Nottingham University Business School (NUBS) is the business school of the University of Nottingham, United Kingdom situated on the university's Jubilee Campus.

The business school was formed from the university's departments of industrial economics, accounting and insurance and its Institute of Management Studies. The school was originally known as the School of Management and Finance.

Rankings
The 2019 Times Higher Education World University Rankings’ ranked the School 7th among UK business schools and 87th in the World for business and management subjects.
The 2018 Times Higher Education World University Rankings’ ranked the School 11th among UK business schools and 75th in the World for business and management subjects.

NUBS's MBA program continuously gets into top 100 global MBA ranking by The Economist, and in the year 2021 the programme was ranked 55th globally and 3rd in the UK. NUBS also ranks overall 45th in the world and 1st in the UK in the Aspen Institute's 2011–2012. Financial Times consistently ranks its MSc Finance and Investment programme among the top Global Masters in Finance programmes. The Research Excellence Framework 2014 ranks the school 6th in the UK by "research power".

Times Higher Education and the Wall Street Journal business school report put the School`s Master in Finance program at the top 10 program in the World.

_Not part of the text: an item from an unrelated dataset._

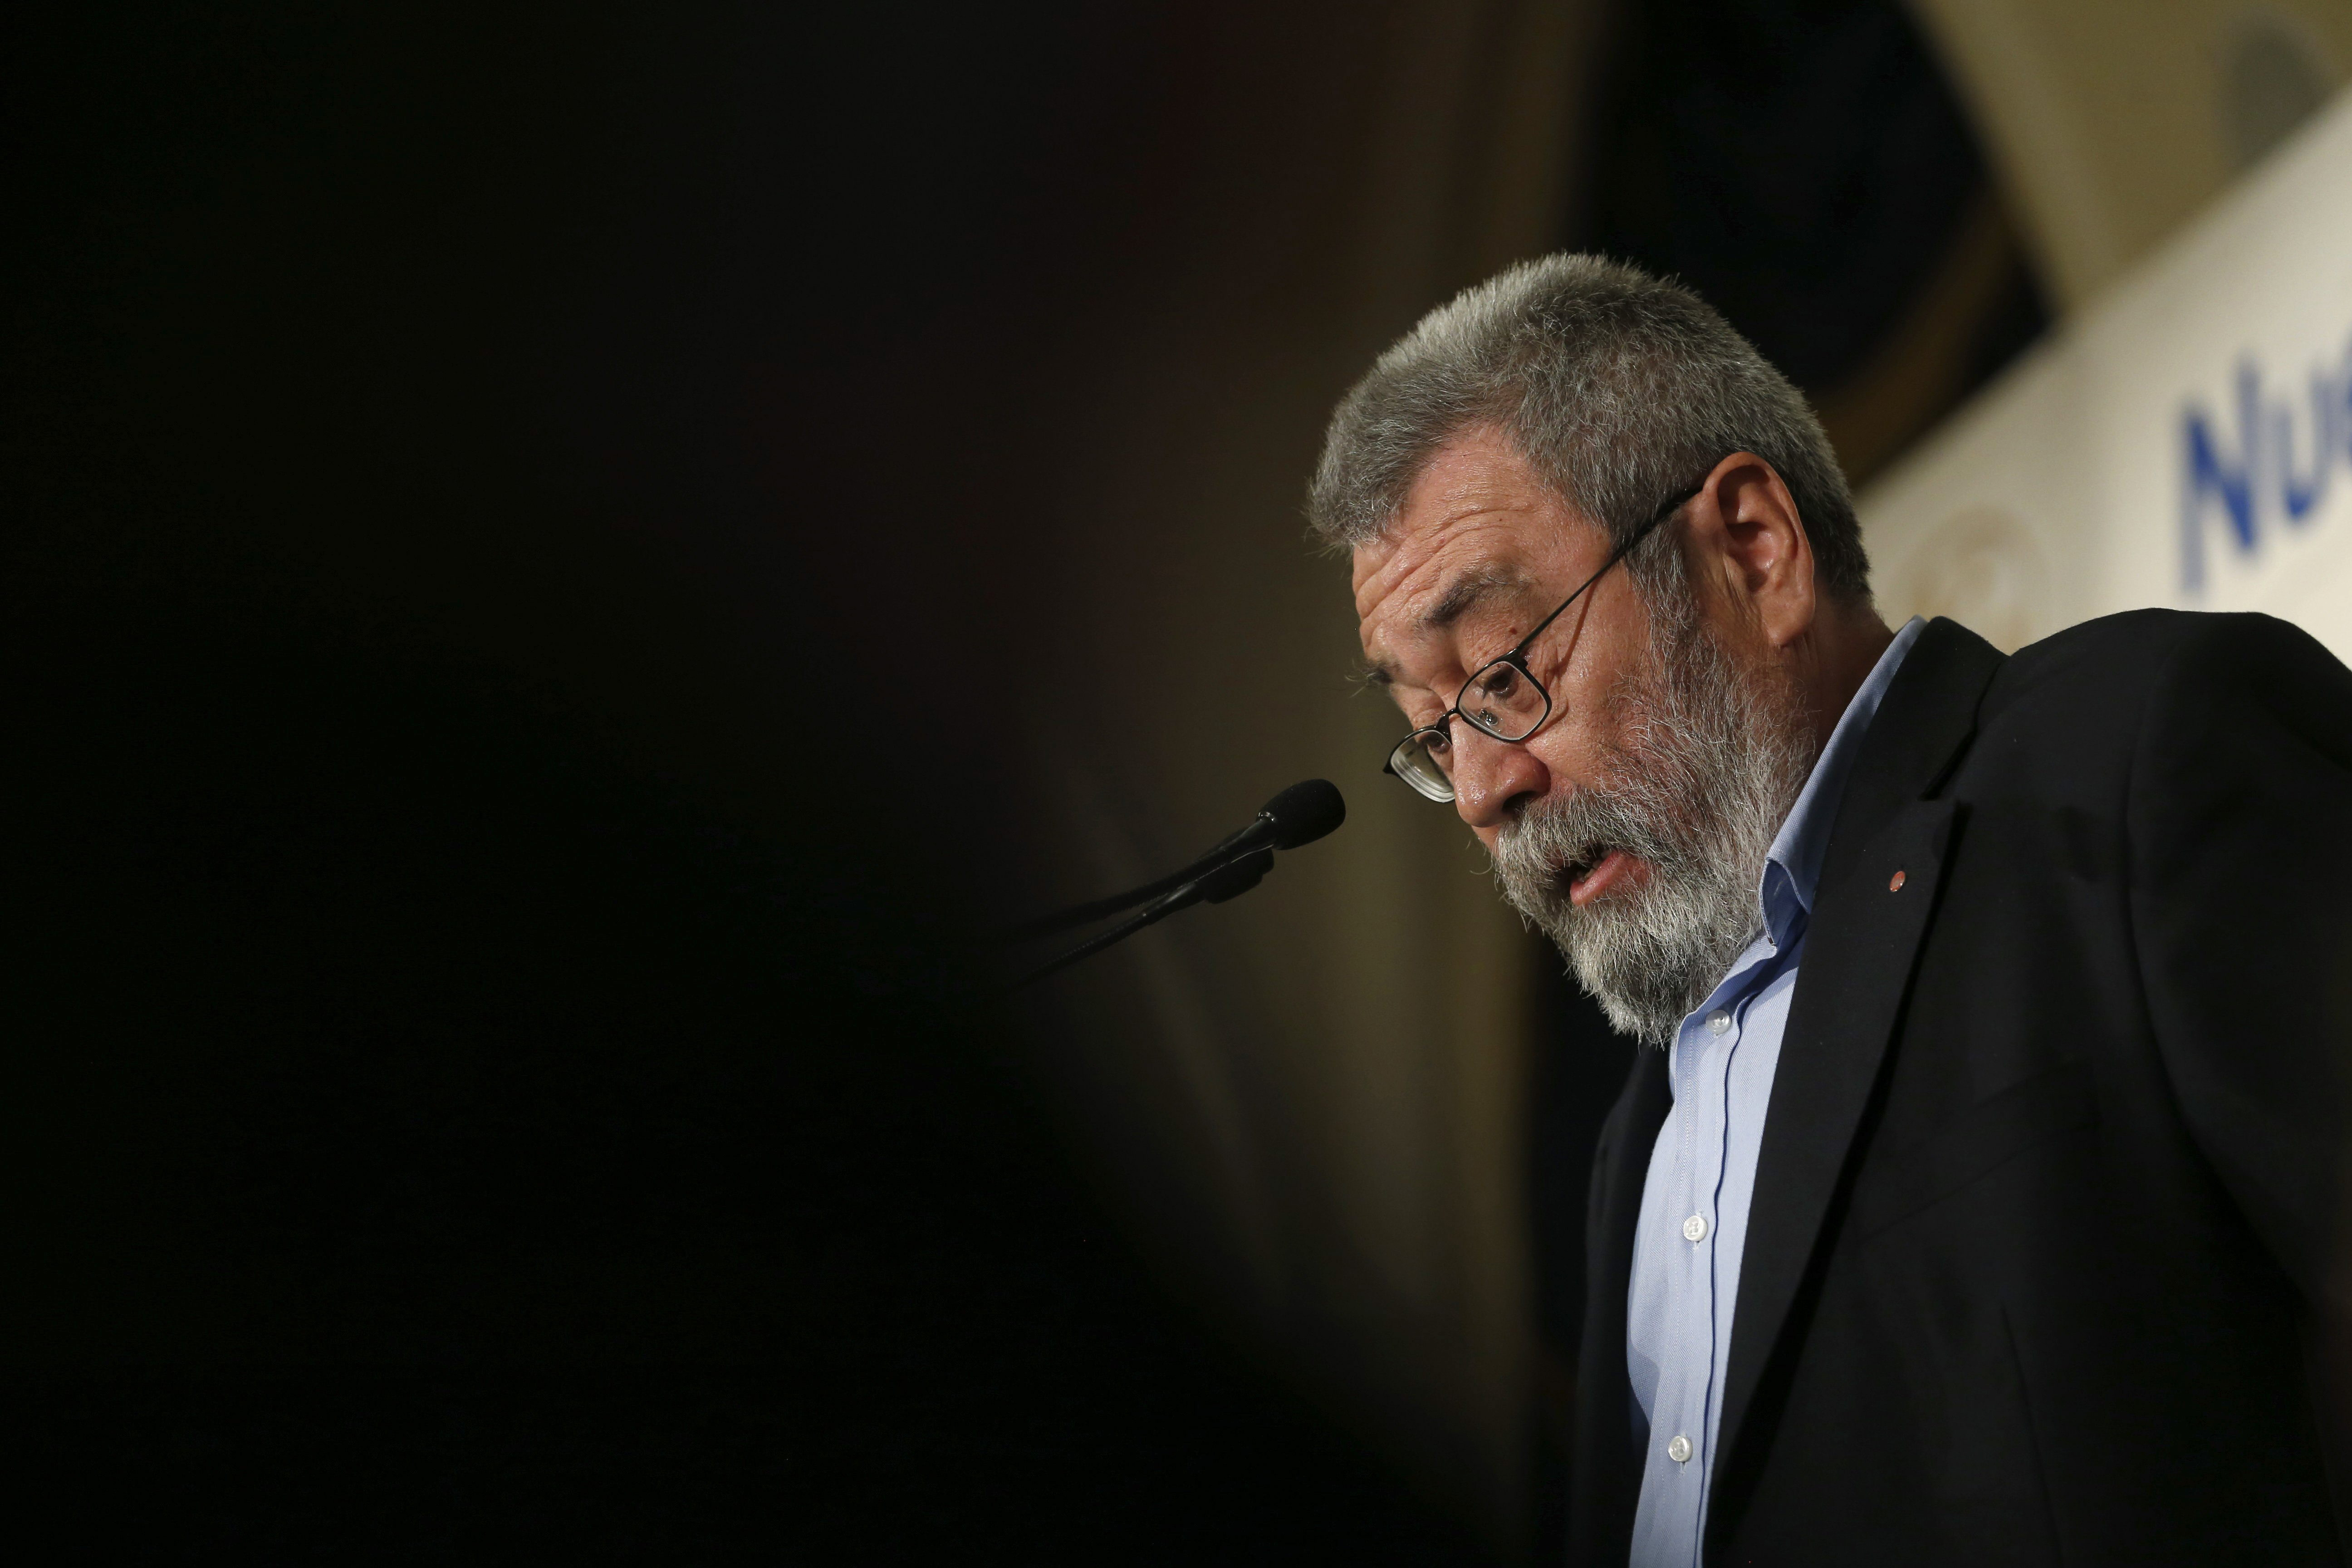 Méndez avisa de que si siguen los recortes España podría acabar como Grecia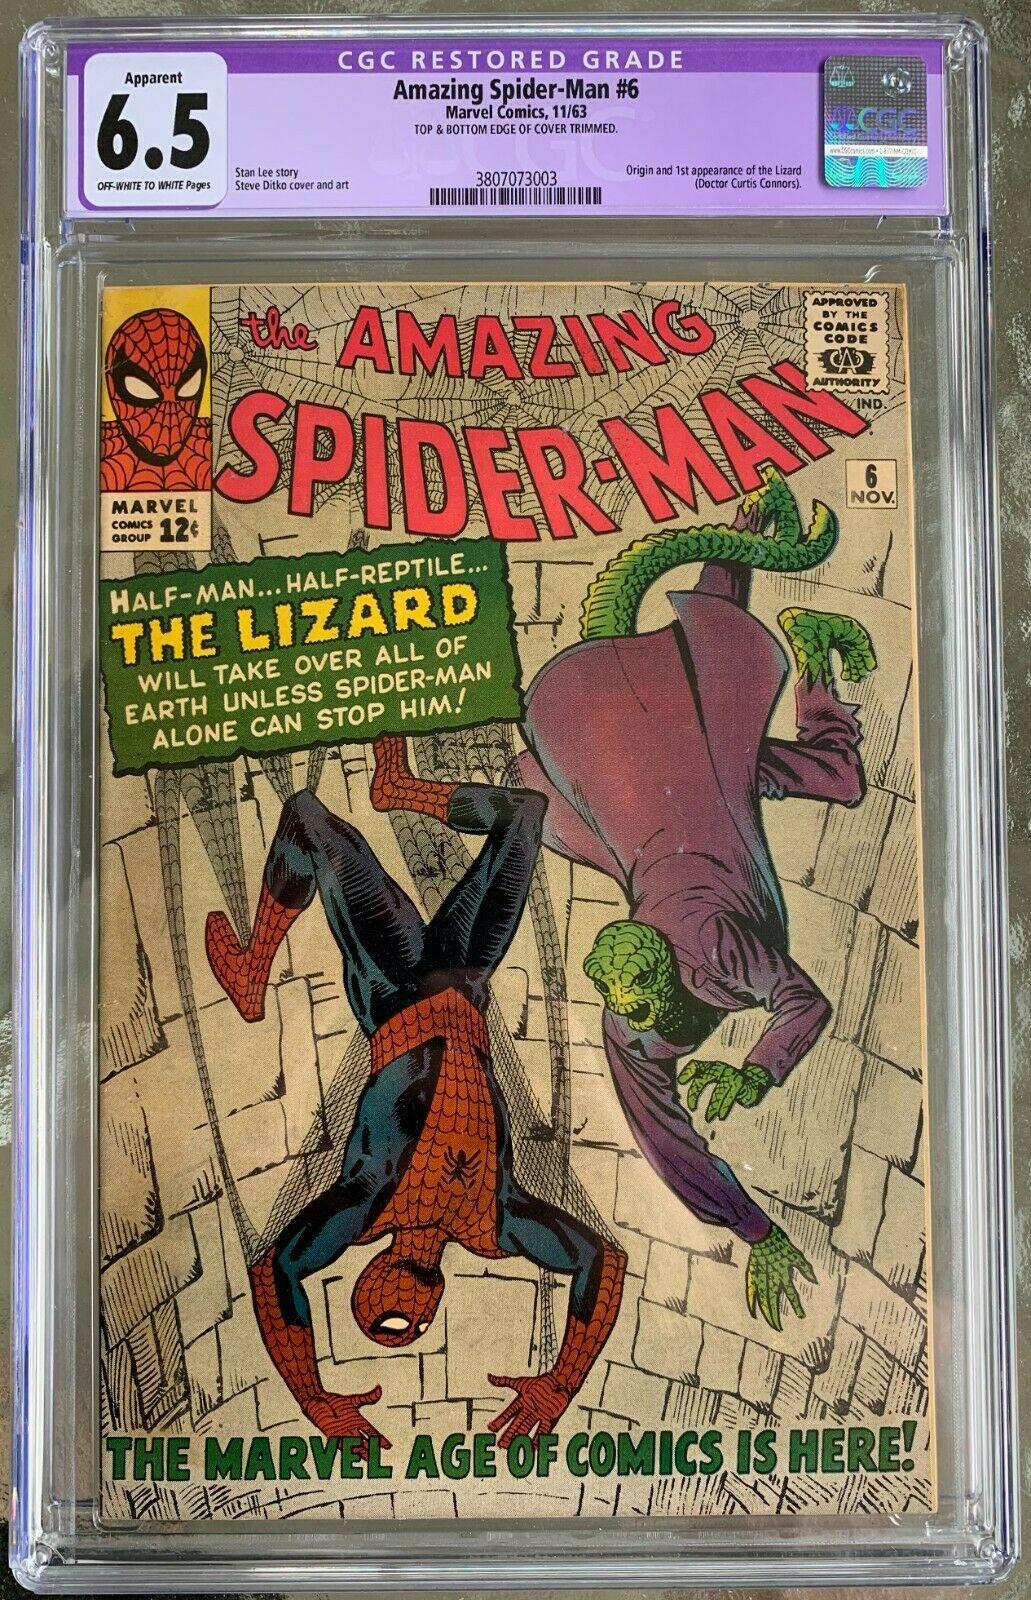 Amazing Spider-Man #6 CGC 6.5 ow/w

The Corporate Knights 2018 Top 40 Better World MBA ranking rated Nottingham University Business School among the global top 20 for sustainability education. In this ranking the school is on a par with business schools like Harvard, LBS, Stanford and MIT Sloan.

Academic departments

Research and teaching in the Business School is organised within the following seven academic departments:

Accounting
Finance, Risk and Banking
Industrial Economics
Marketing
Operations Management and Information Systems
Organisational Behaviour and Human Resource Management
Strategy and International Business

Both within and across academic departments academic staff are also members of the Business School's research centres and institutes, listed below.

Research centres and institutes
The University of Nottingham Business School is home to the following research centres and institutes:
 The Centre for Risk, Banking and Financial Services (CRBFS)
 The Global Centre for Banking and Financial Innovation (GCBFI)
 The Haydn Green Institute for Innovation and Entrepreneurship (HGI) 
 International Centre for Corporate Social Responsibility (ICCSR) 
 The Centre for Research in the Behavioural Sciences (CRIBS)
 Centre for Health Innovation, Leadership and Learning (CHILL)
 China Research Group (CRG)

Degree programmes
The Nottingham University Business School (NUBS) offers a number of undergraduate and postgraduate degrees, including the one-year Master's of Business Administration (MBA), MBA for Executives, and PhD degrees. The programmes are offered not only in the NUBS UK campus, but also in their campuses at Ningbo, China and at Semenyih, Selangor, Malaysia. NUBS Executive MBA is also available in Singapore.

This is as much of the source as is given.